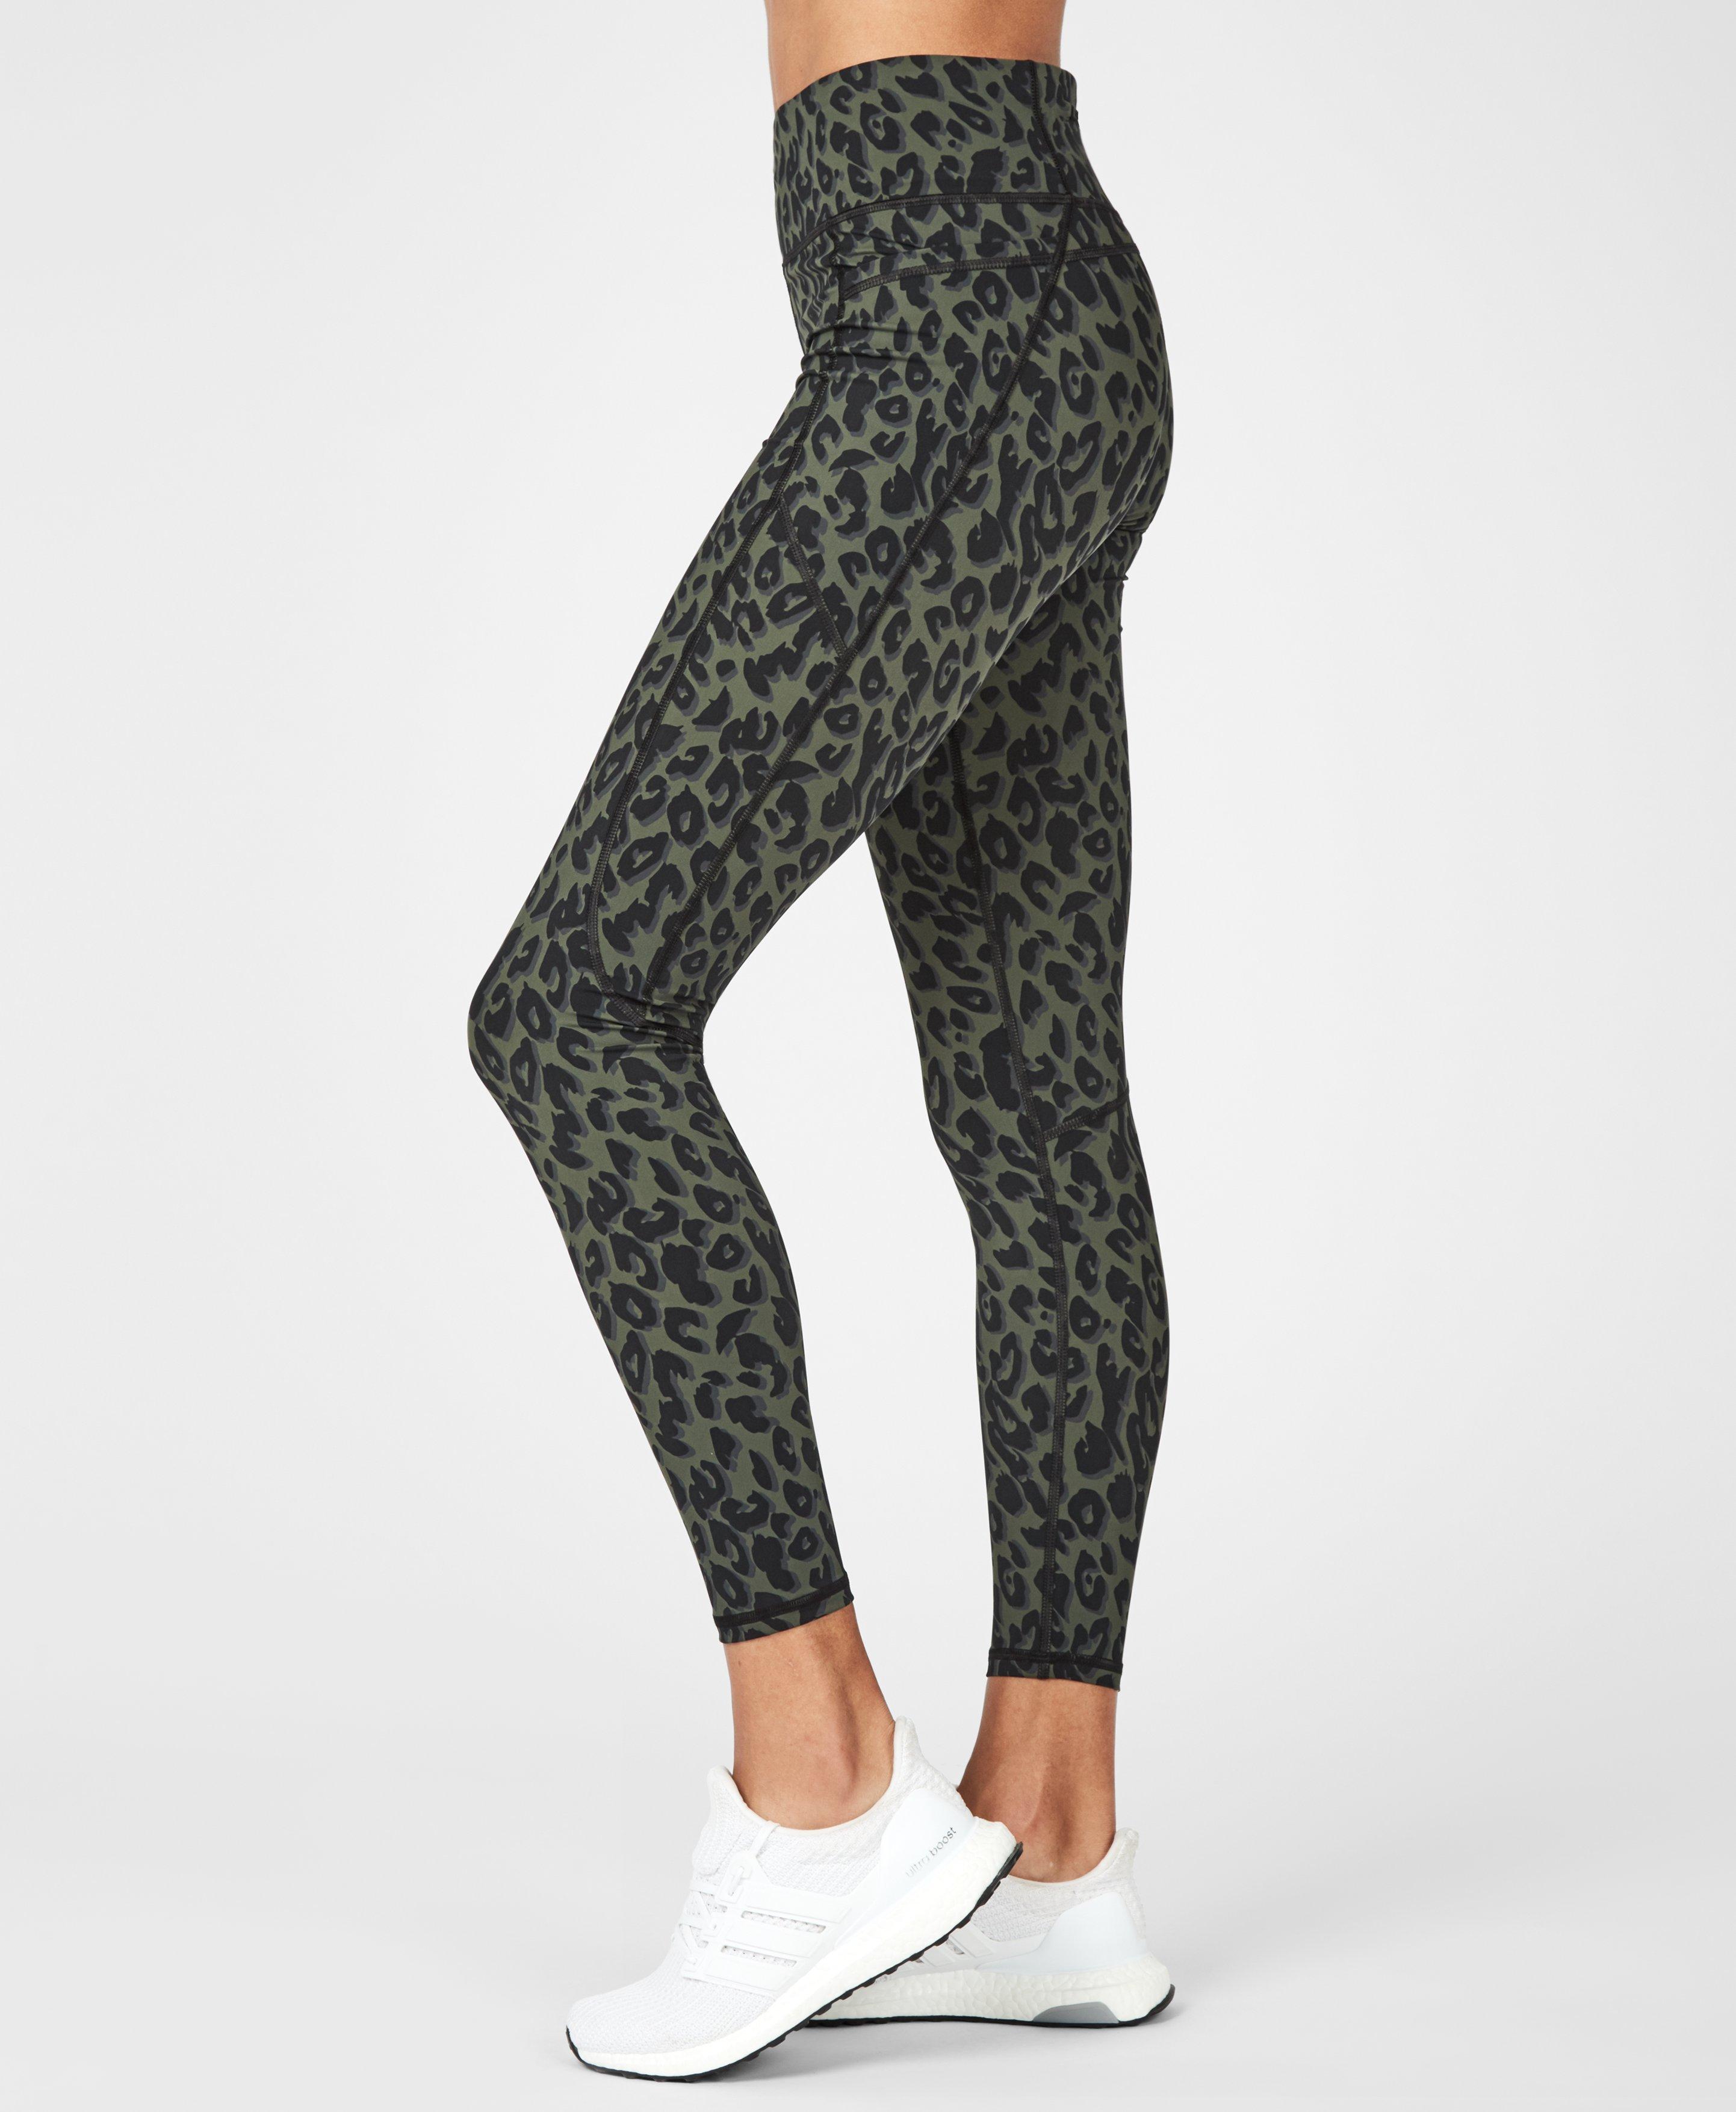 leopard athletic leggings
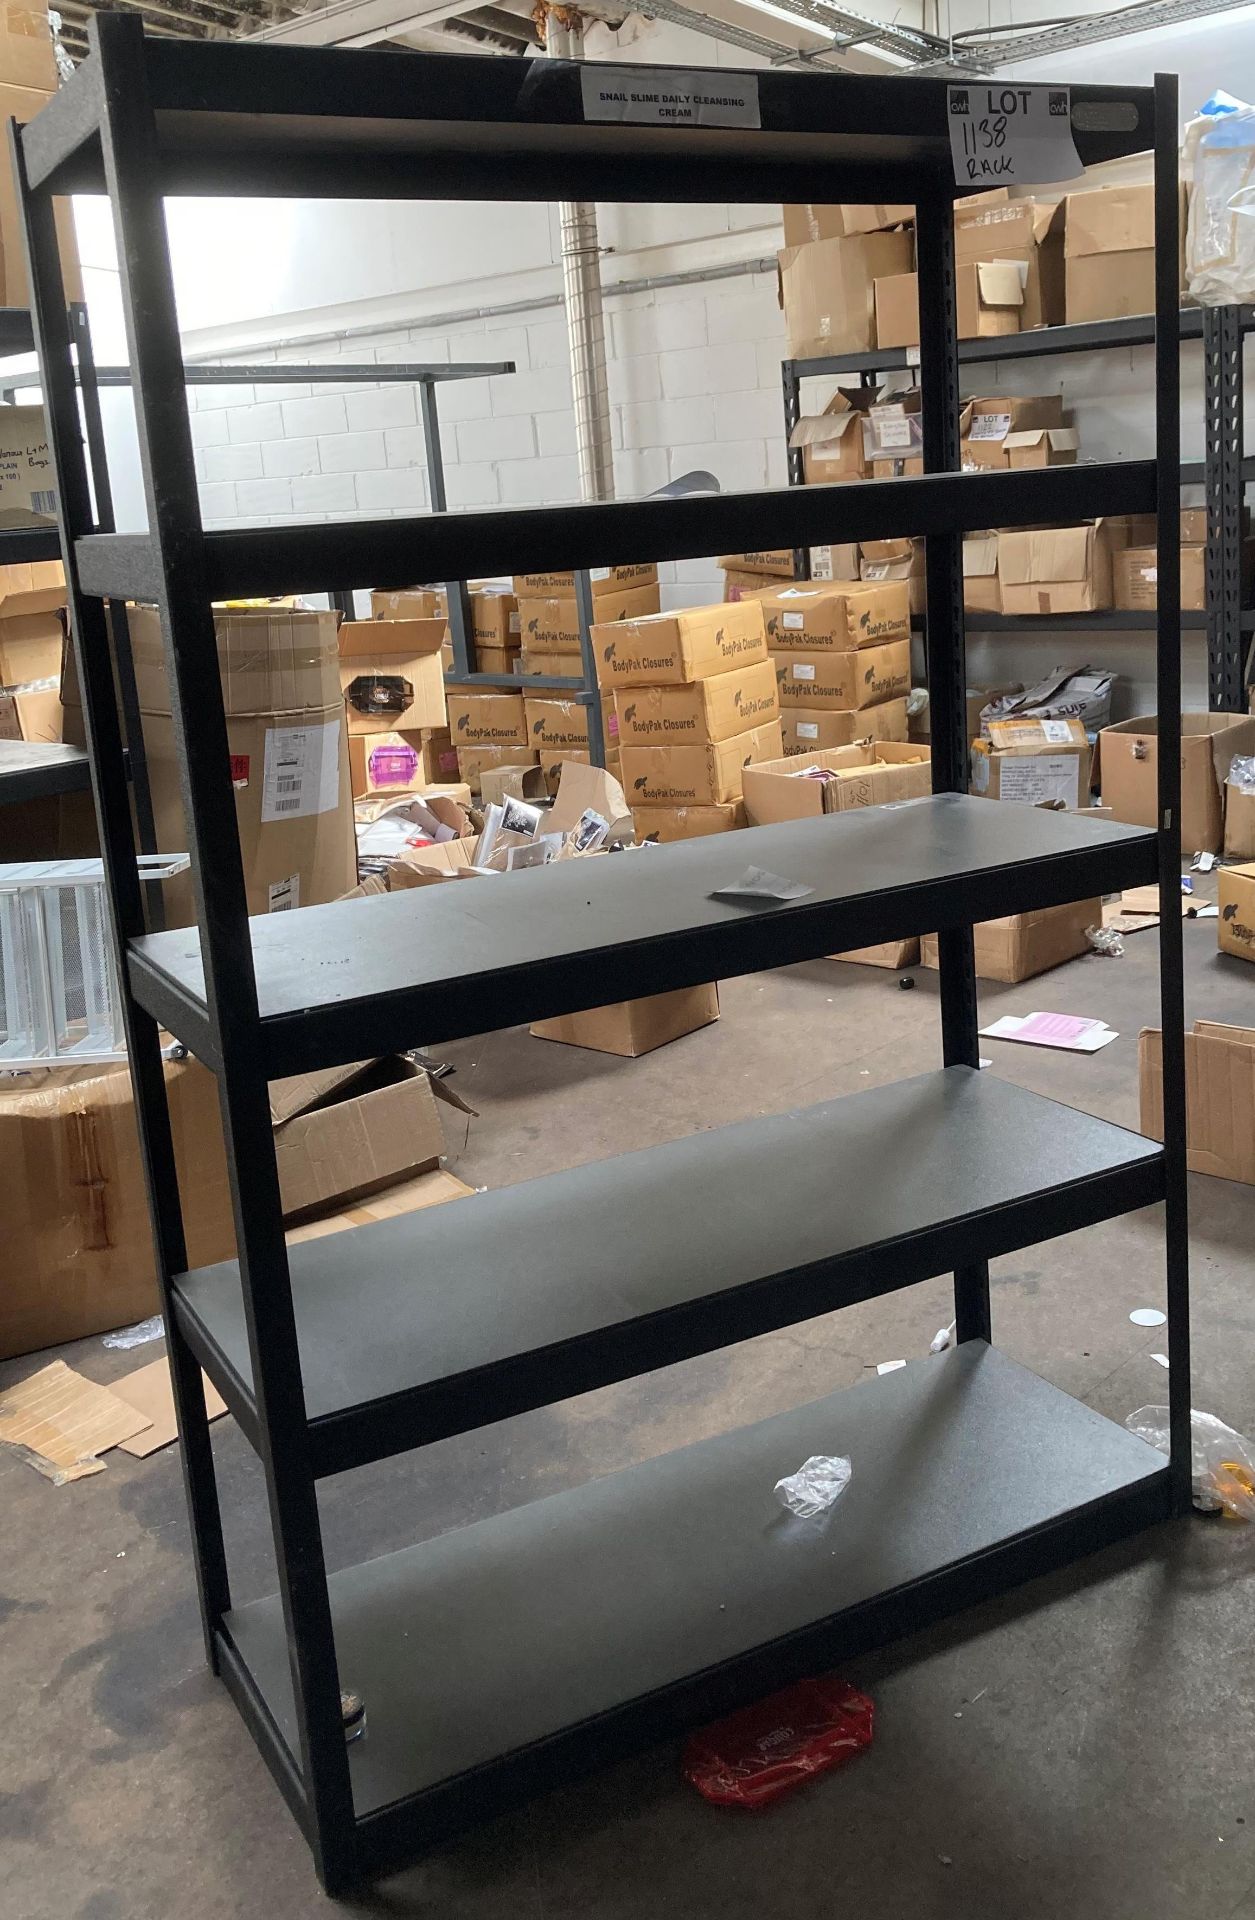 1 x five shelf metal rack by Whalen Storage - 122 x 46 x 183
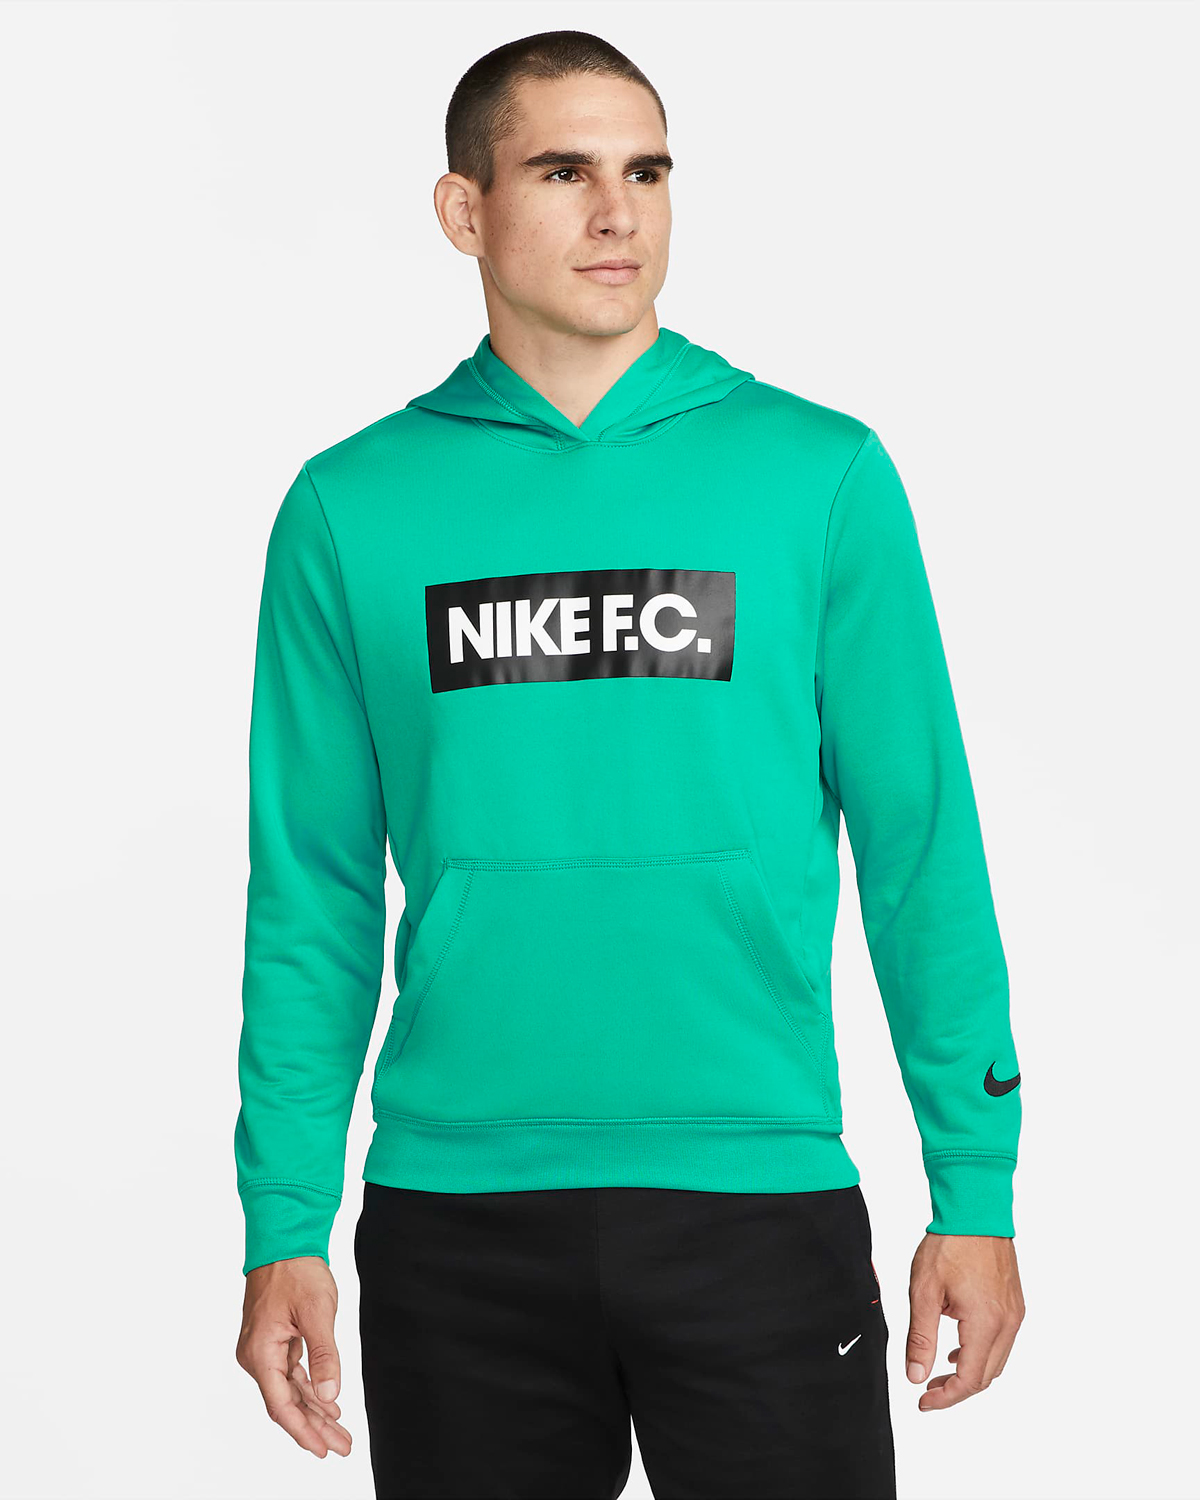 Nike-FC-Hoodie-Neptune-Green
****************************************
- [WHAT IS REQUIRED] From the material above, print everything exactly except the pictures.

- [YOUR RESPONSE]
 leopard athletic leggings
 1 x five shelf metal rack by Whalen Storage - 122 x 46 x 183
 Nike-FC-Hoodie-Neptune-Green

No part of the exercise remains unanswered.